Because the collations so far done by Lounsbury and by Variorum editors have been confined to the verse sections, the only kind of printing influence that has been detected is a "page-by-page" set-up or what Andrew calls "articulation" (meaning, I think, headings, section breaks, etc.). It is easy enough to determine, say, that the 1598 edition is set from the 1561 edition (since the page length is the same), but since the 1602 edition employs a longer column, it seems to have no relation in terms of page layout to the earlier editions.[7]

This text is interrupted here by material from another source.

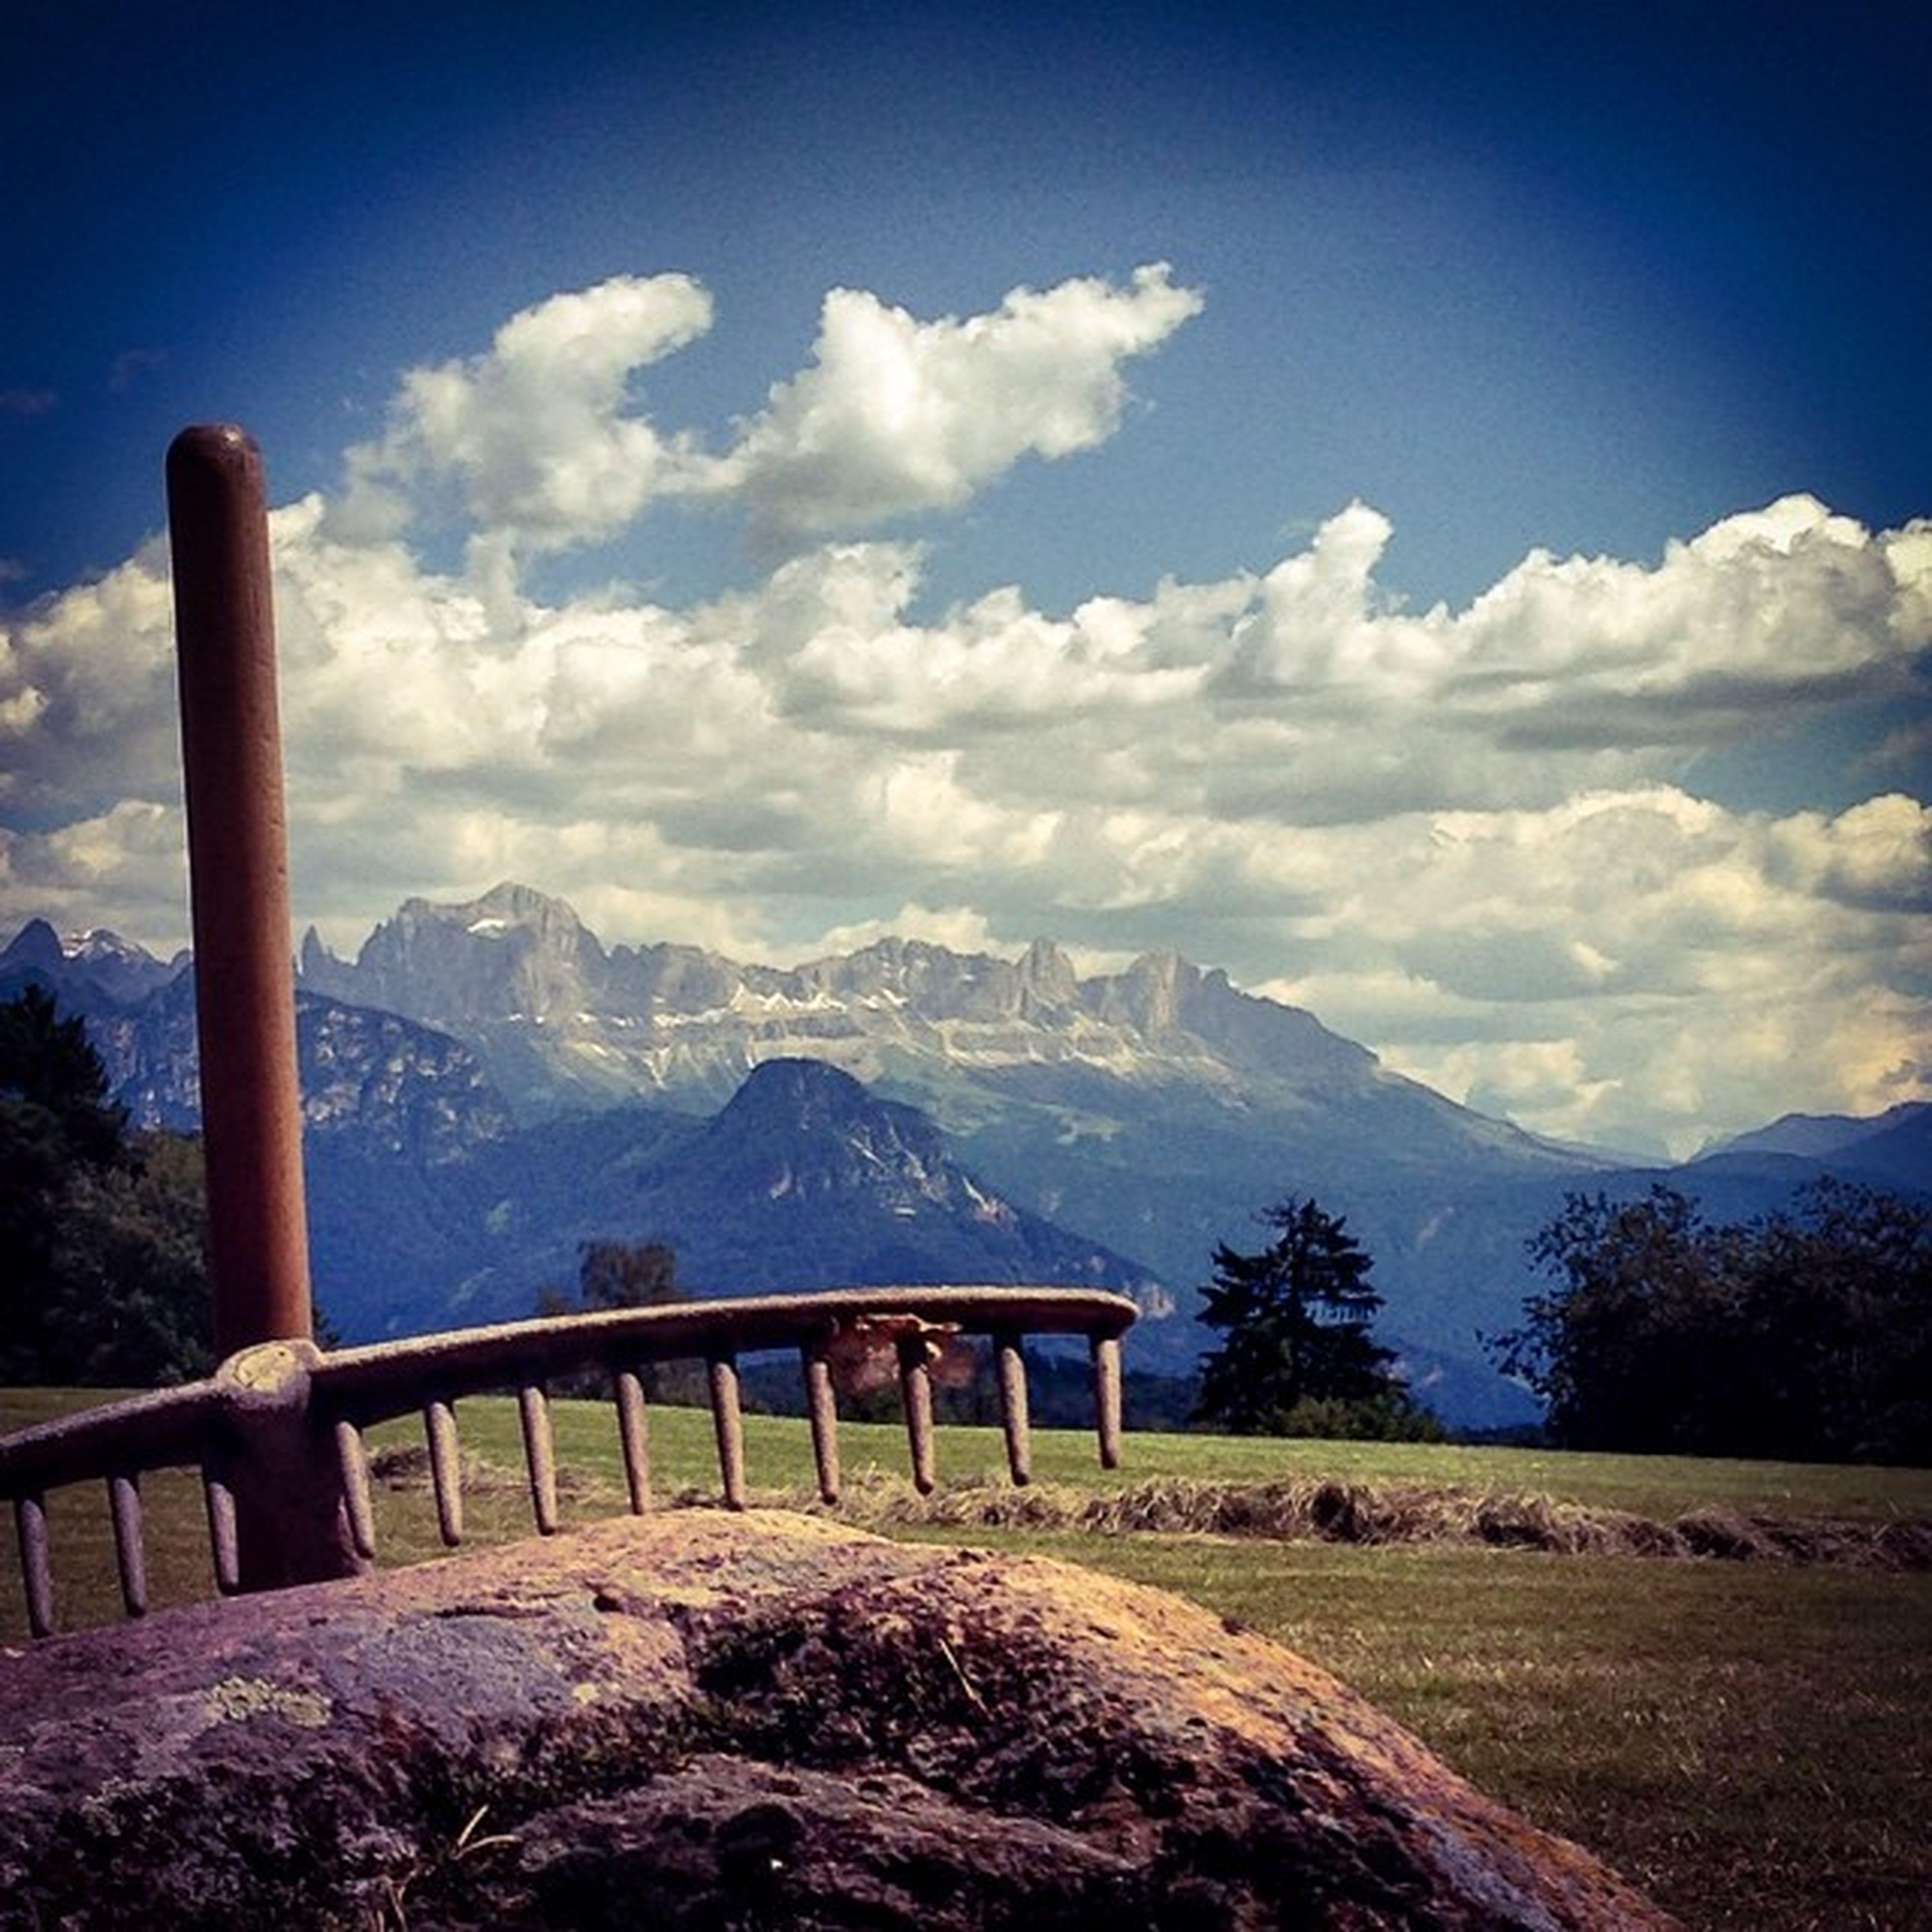 mountain, mountain range, tranquil scene, sky, tranquility, landscape, scenics, beauty in nature, nature, cloud - sky, cloud, non-urban scene, tree, idyllic, snow, day, field, winter, sunlight, remote

A comparison of the uncollated prose sections is, however, decisive. Throughout most of the prose, the 1598 edition is a perfect, line-by-line reprint of the 1561 edition. And since the 1561 and 1598 editions are so similar, any apparent relation of the 1602 edition to either seems to prove nothing. Consequently, some Chaucerians have concluded that the printer's copy cannot be determined for individual sections (so Plummer, Summoner's Tale, 85). Yet examination of the compositing details in these prose sections proves absolutely that the 1602 edition used the edition of 1561 as a printer's copy, just as did the 1598 edition.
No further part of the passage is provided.